FragDB - Fragrance Databases (Fragrantica core + Parfumo bundle preview)

The most comprehensive fragrance database available — 146,400+ structured records across six interconnected CSV files with 23 language translations, plus 4.9M+ user-generated content rows in Apache Parquet companion datasets covering user reviews, editorial news articles, and community discussions. A second fragrance database (Parfumo, 219,963 perfumes) is also available in the bundle — see "Also Available: Parfumo Database" below.
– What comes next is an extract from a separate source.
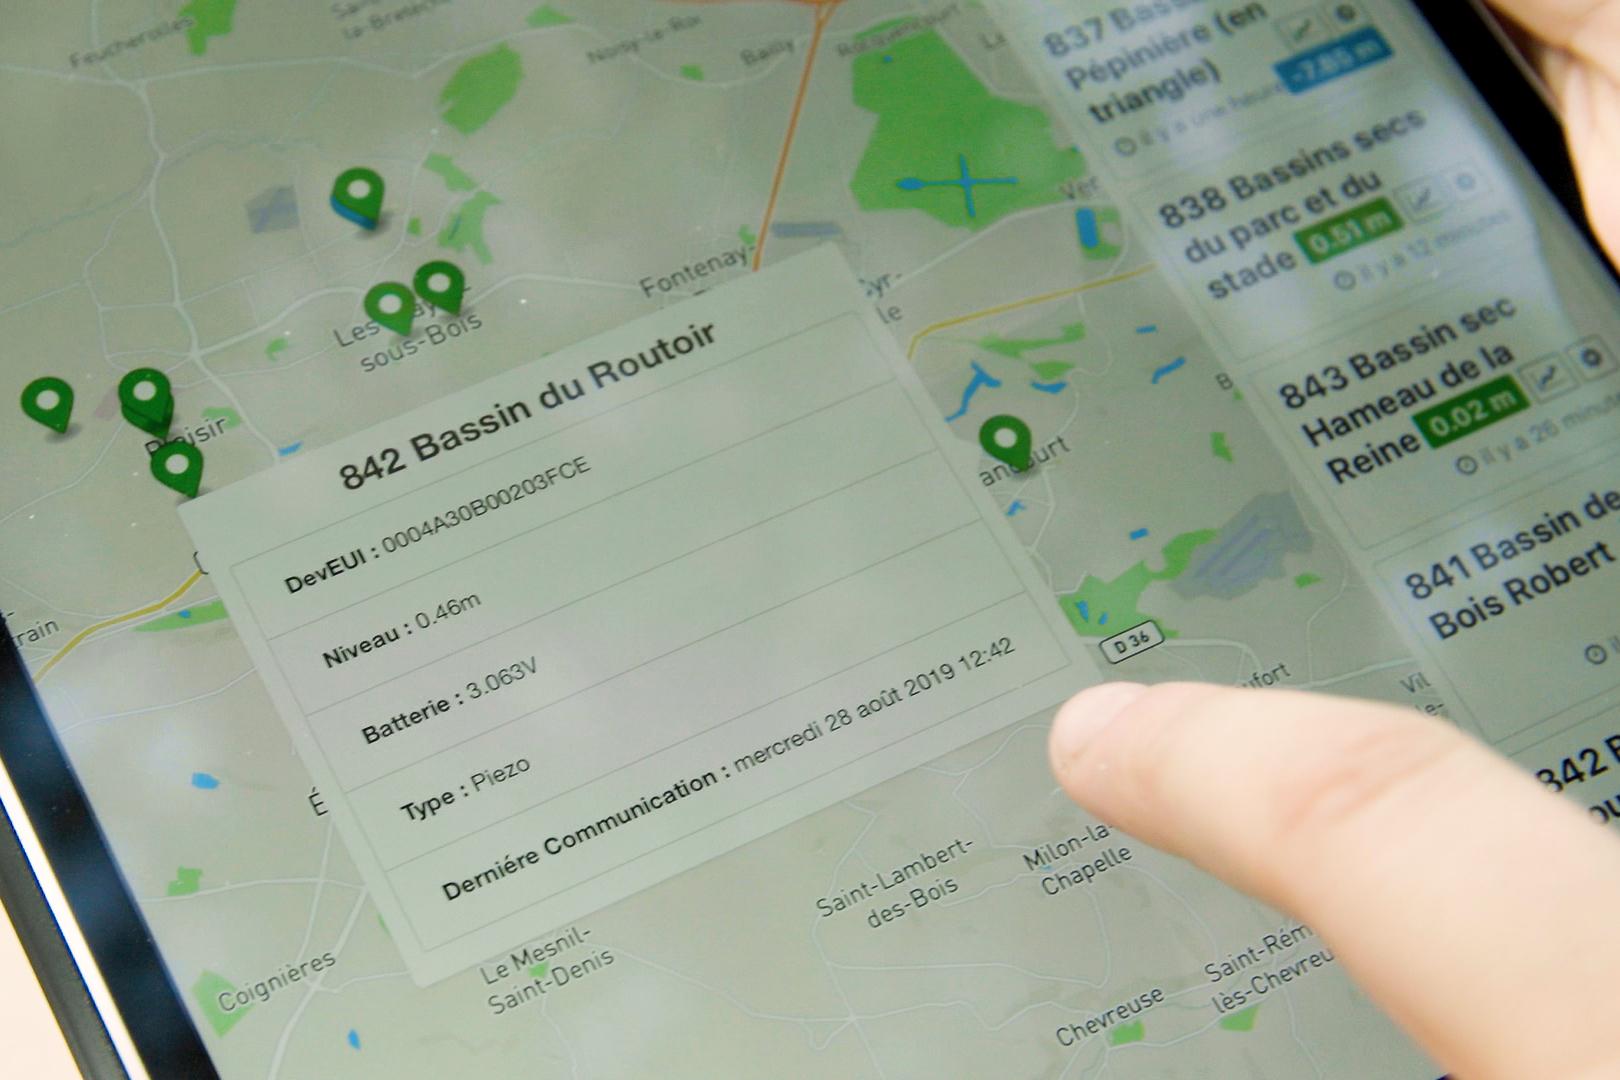 Saint-Quentin-en-Yvelines surveille ses bassins de rétention d'eau grâce à la plate-forme IoT d'Orange
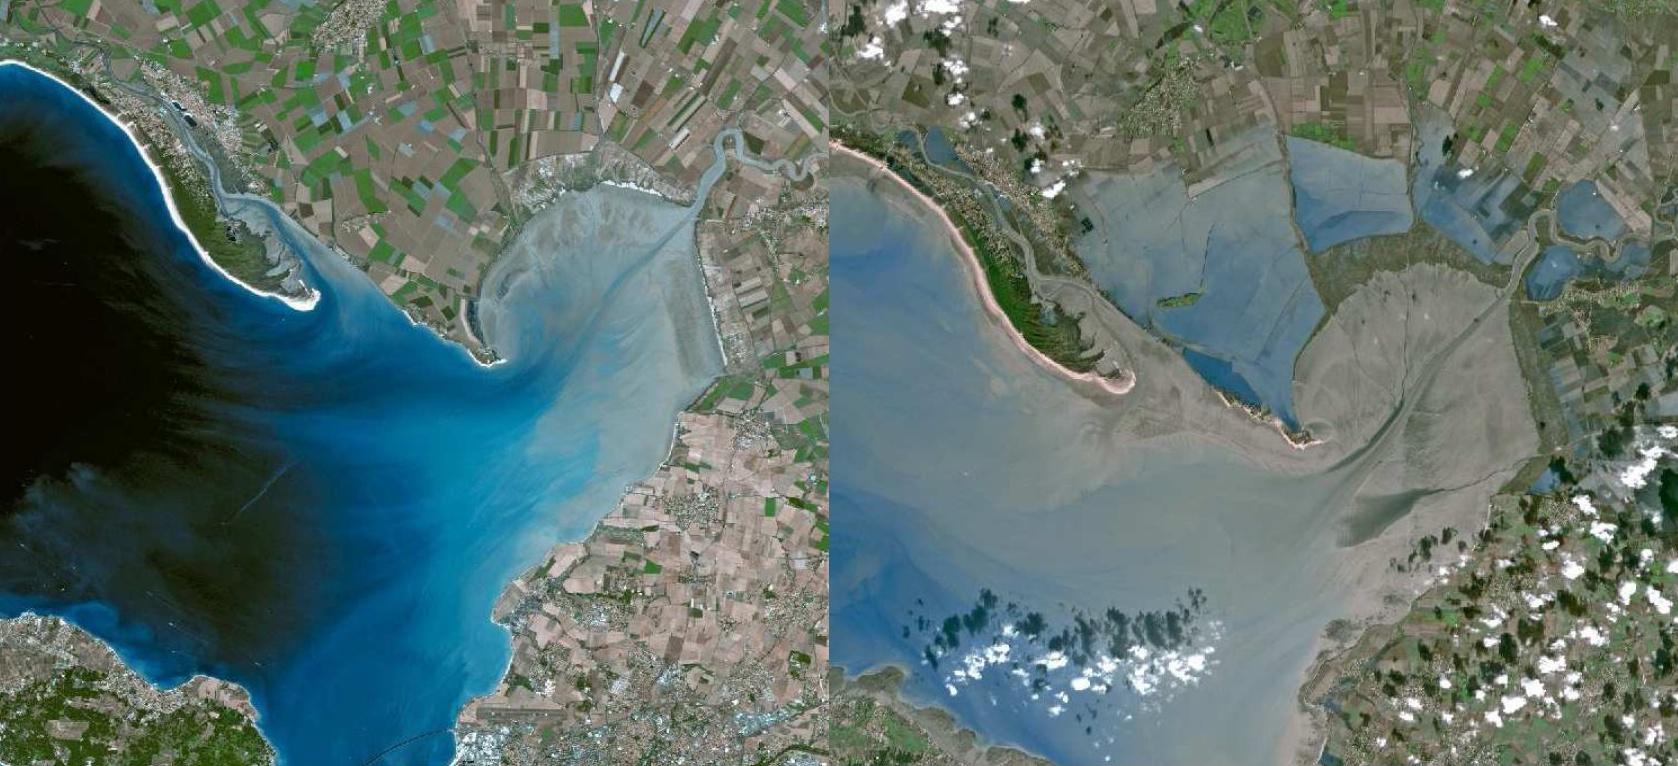 Tempête Xynthia - Anse de l'Aiguillon - La Tranche - Images satellite - SPOT 4 - Avant -Après- GMES - Copernicus - Février 2010

License: CC-BY-NC-4.0 Records Reviews News Languages Files Parquet Parfumo Cross-walk

Keywords: fragrance database · perfume dataset · Fragrantica · Parfumo · cross-database · record linkage · user reviews · perfume reviews · fragrance news · perfumery articles · cosmetics dataset · multilingual perfume data · scent recommendation · fragrance recommender system · perfume sentiment analysis · perfumer profiles · accord taxonomy · notes pyramid · NLP fragrance corpus · 23 languages

Overview

FragDB provides structured data for the fragrance industry:

File Records Fields Description
fragrances.csv 132,858 30 Main fragrance database
brands.csv 7,927 54 Brand profiles + translations
perfumers.csv 3,005 42 Perfumer profiles + translations
notes.csv 2,550 55 Fragrance notes + translations
accords.csv 92 27 Accords + translations
translations.csv 34 25 Vocabulary: gender & voting labels × 23 languages

Also Available: Parfumo Database

This repository ships Fragrantica data (132K perfumes, 23 languages). A second fragrance database — Parfumo (219,963 perfumes, English-only) — is also available as part of the bundle.

Where Parfumo data lives

  • Free sample: see samples/parfumo/ (6 CSV with 10 fully-populated perfumes + reference closure)
  • Cross-walk between F and P: 80,968 matched perfume pairs in samples/cross/matched_pairs_sample.csv (first 30 shown — full set in bundle)
  • Column equivalence: samples/cross/field_equivalence_map.csv — schema-level F ↔ P relation (206 rows)
  • Full Parfumo data + cross-walk: fragdb.net (Cross-Source bundle tier $400+)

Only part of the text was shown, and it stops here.